Your goal: For the data below, retype word for word the lines from the one containing "ROLINE HDMI High" through the one containing "Reliquiar imaginis illms."; drop the pictures.

Data extract:
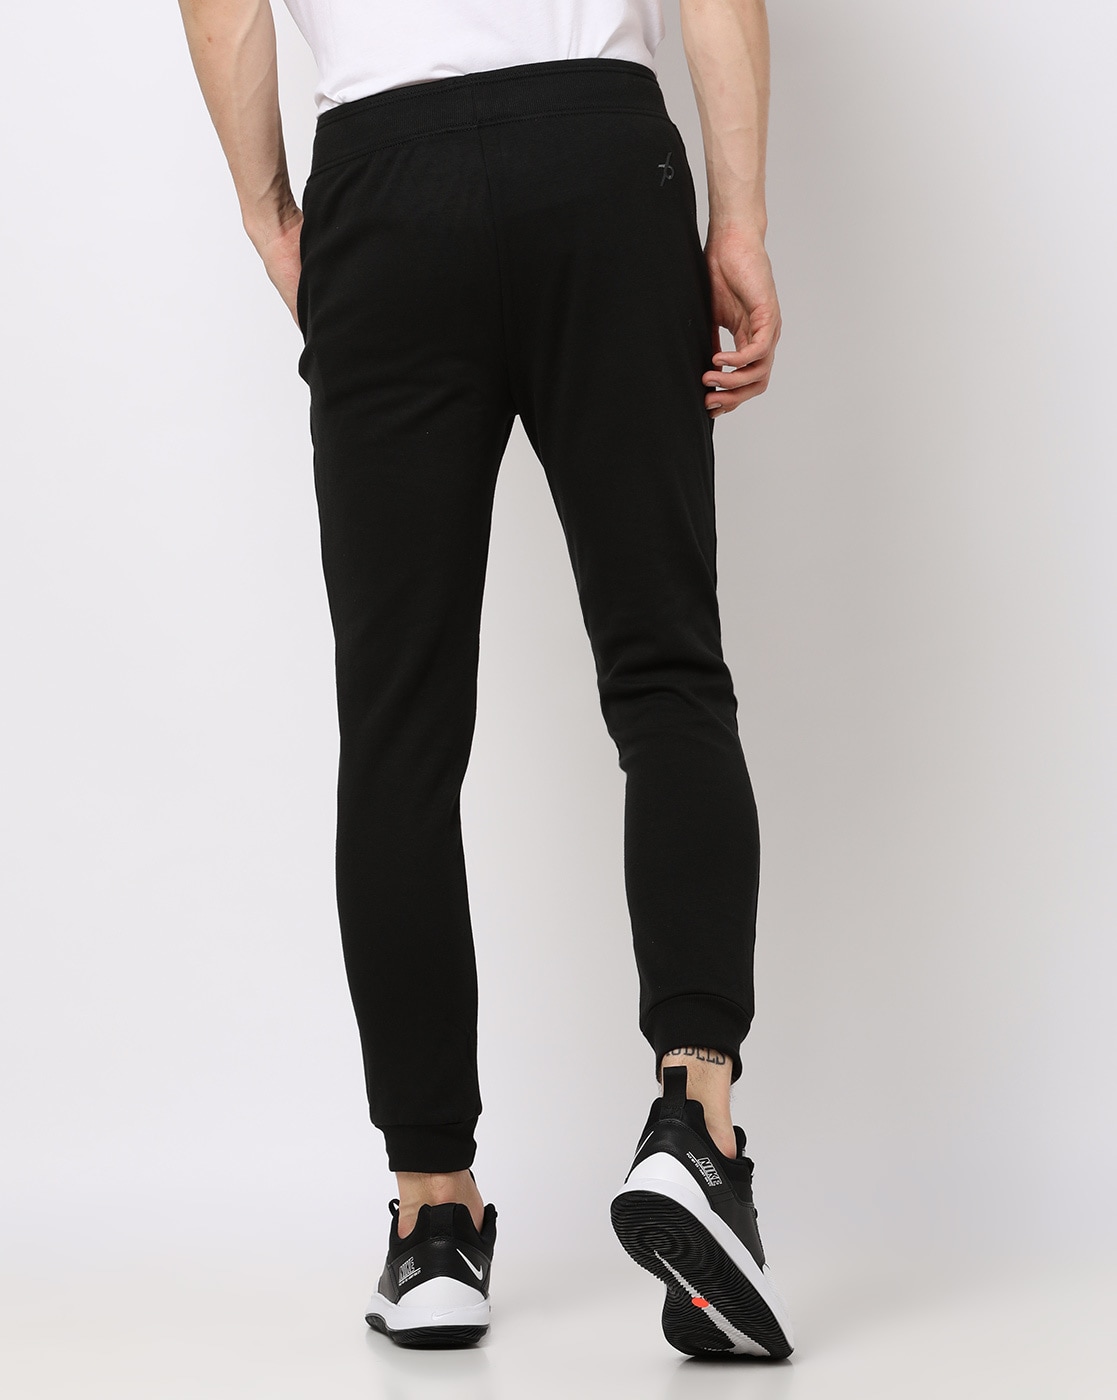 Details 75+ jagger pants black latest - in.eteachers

---

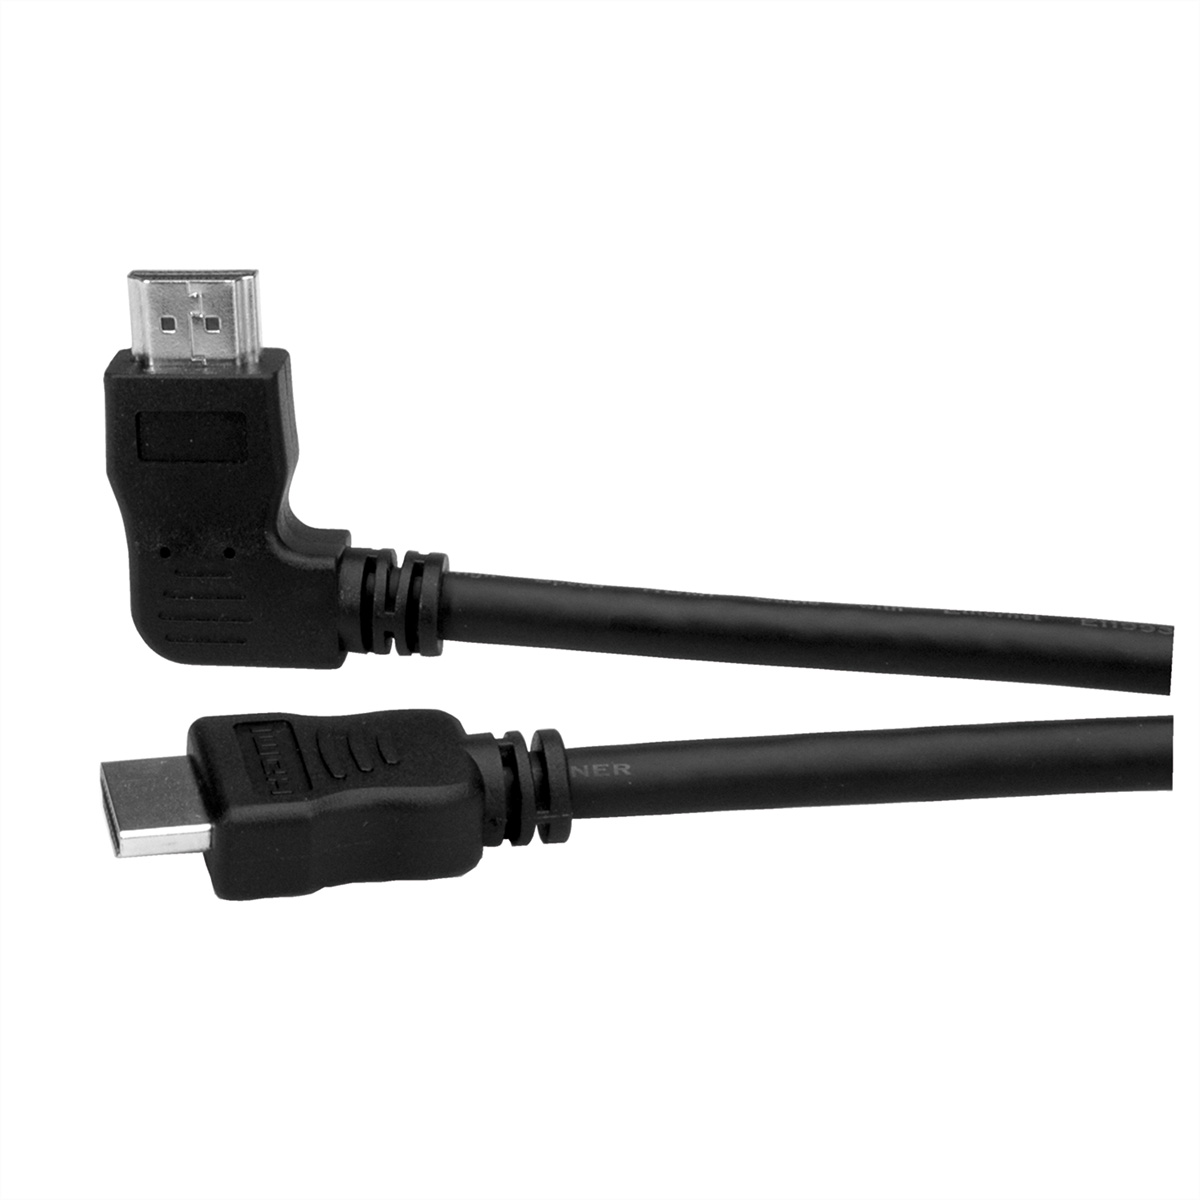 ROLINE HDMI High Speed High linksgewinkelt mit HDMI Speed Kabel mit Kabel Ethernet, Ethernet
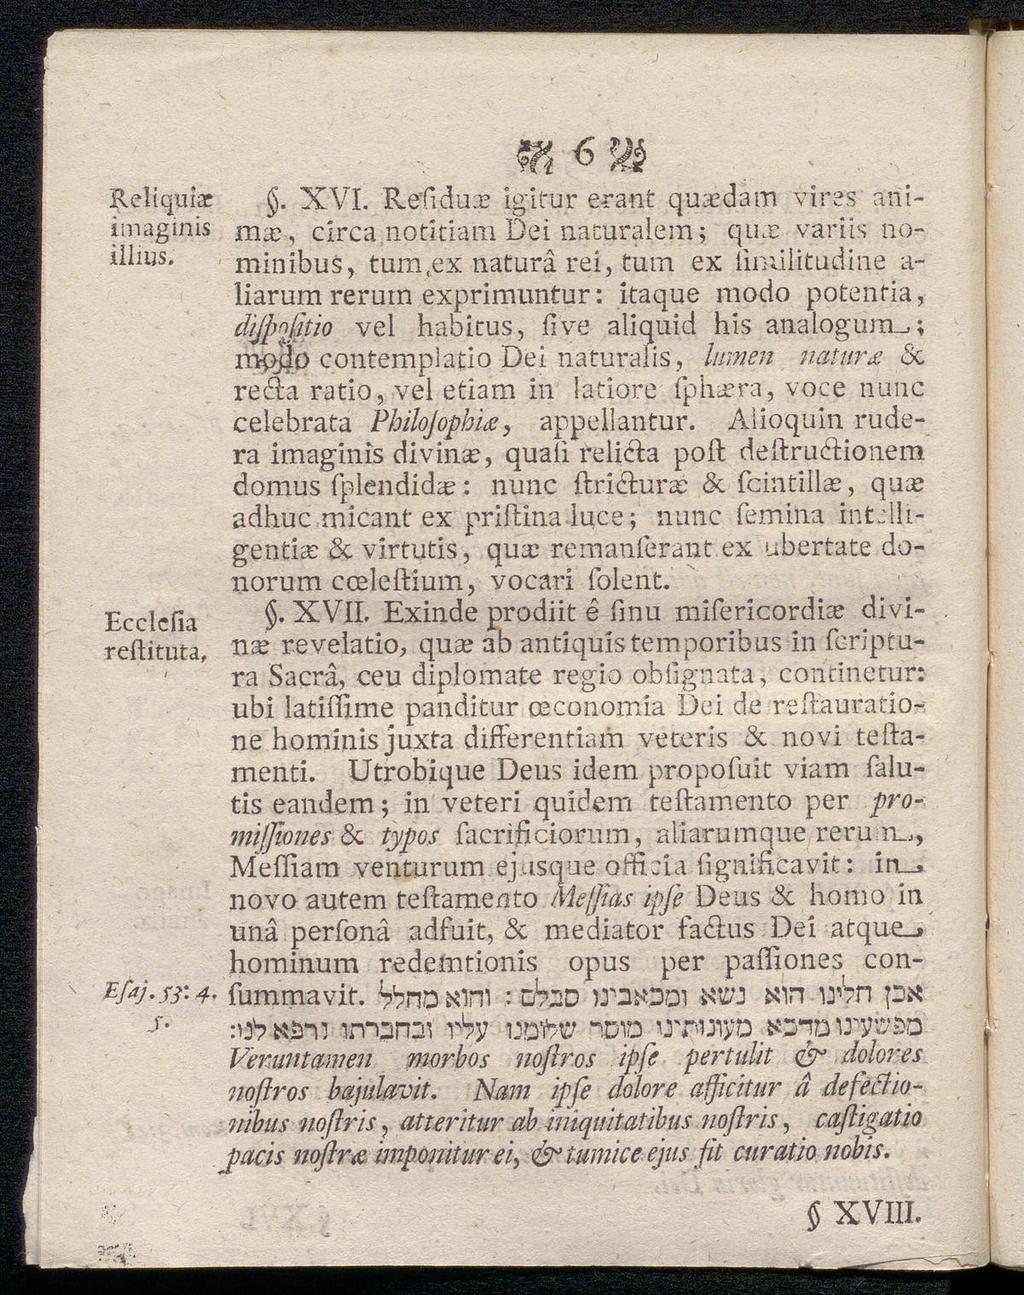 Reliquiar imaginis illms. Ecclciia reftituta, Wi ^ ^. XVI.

---

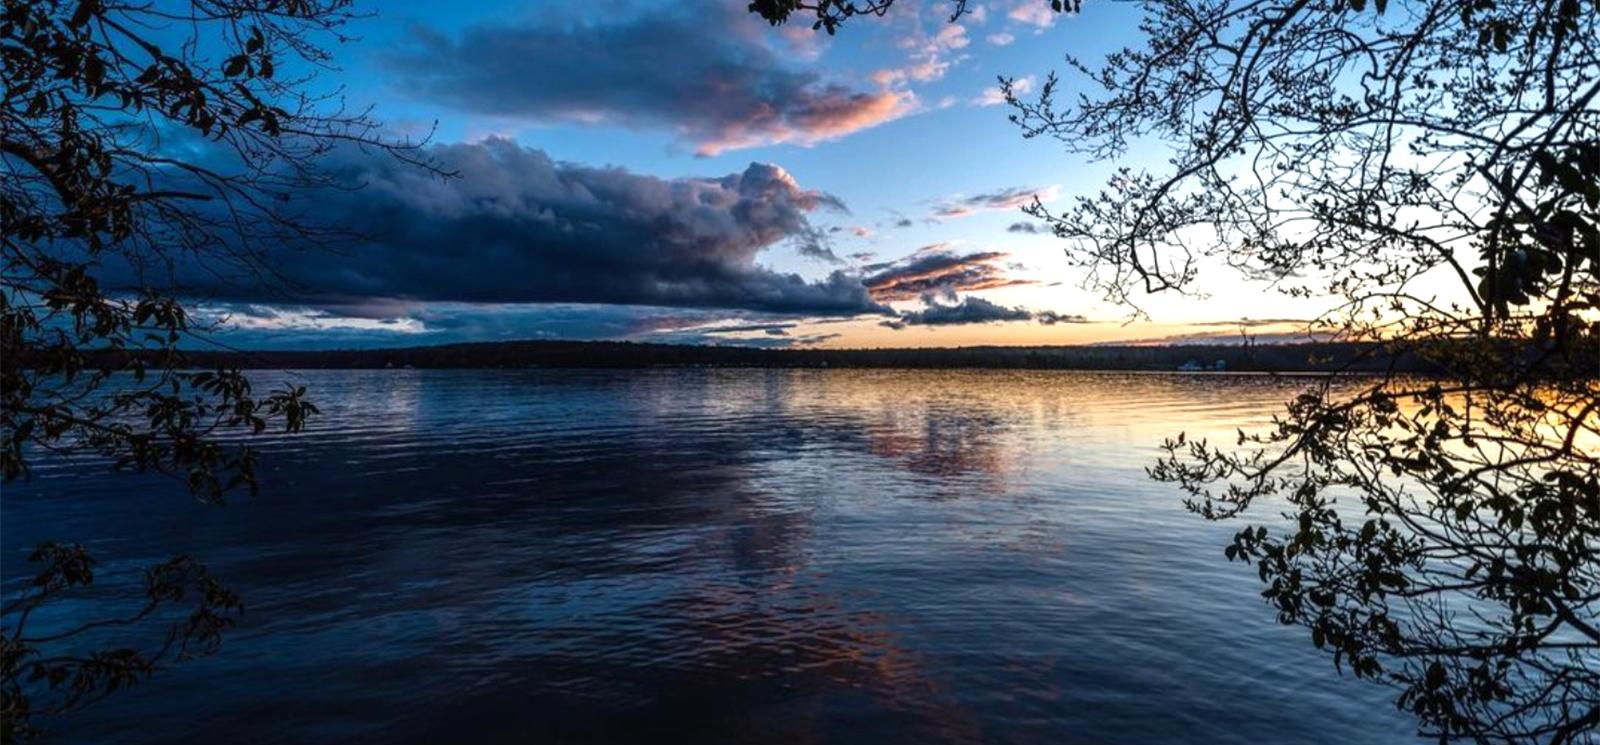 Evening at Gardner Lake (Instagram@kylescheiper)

Result of this task:
 ROLINE HDMI High Speed High linksgewinkelt mit HDMI Speed Kabel mit Kabel Ethernet, Ethernet
 Reliquiar imaginis illms. Ecclciia reftituta, Wi ^ ^. XVI.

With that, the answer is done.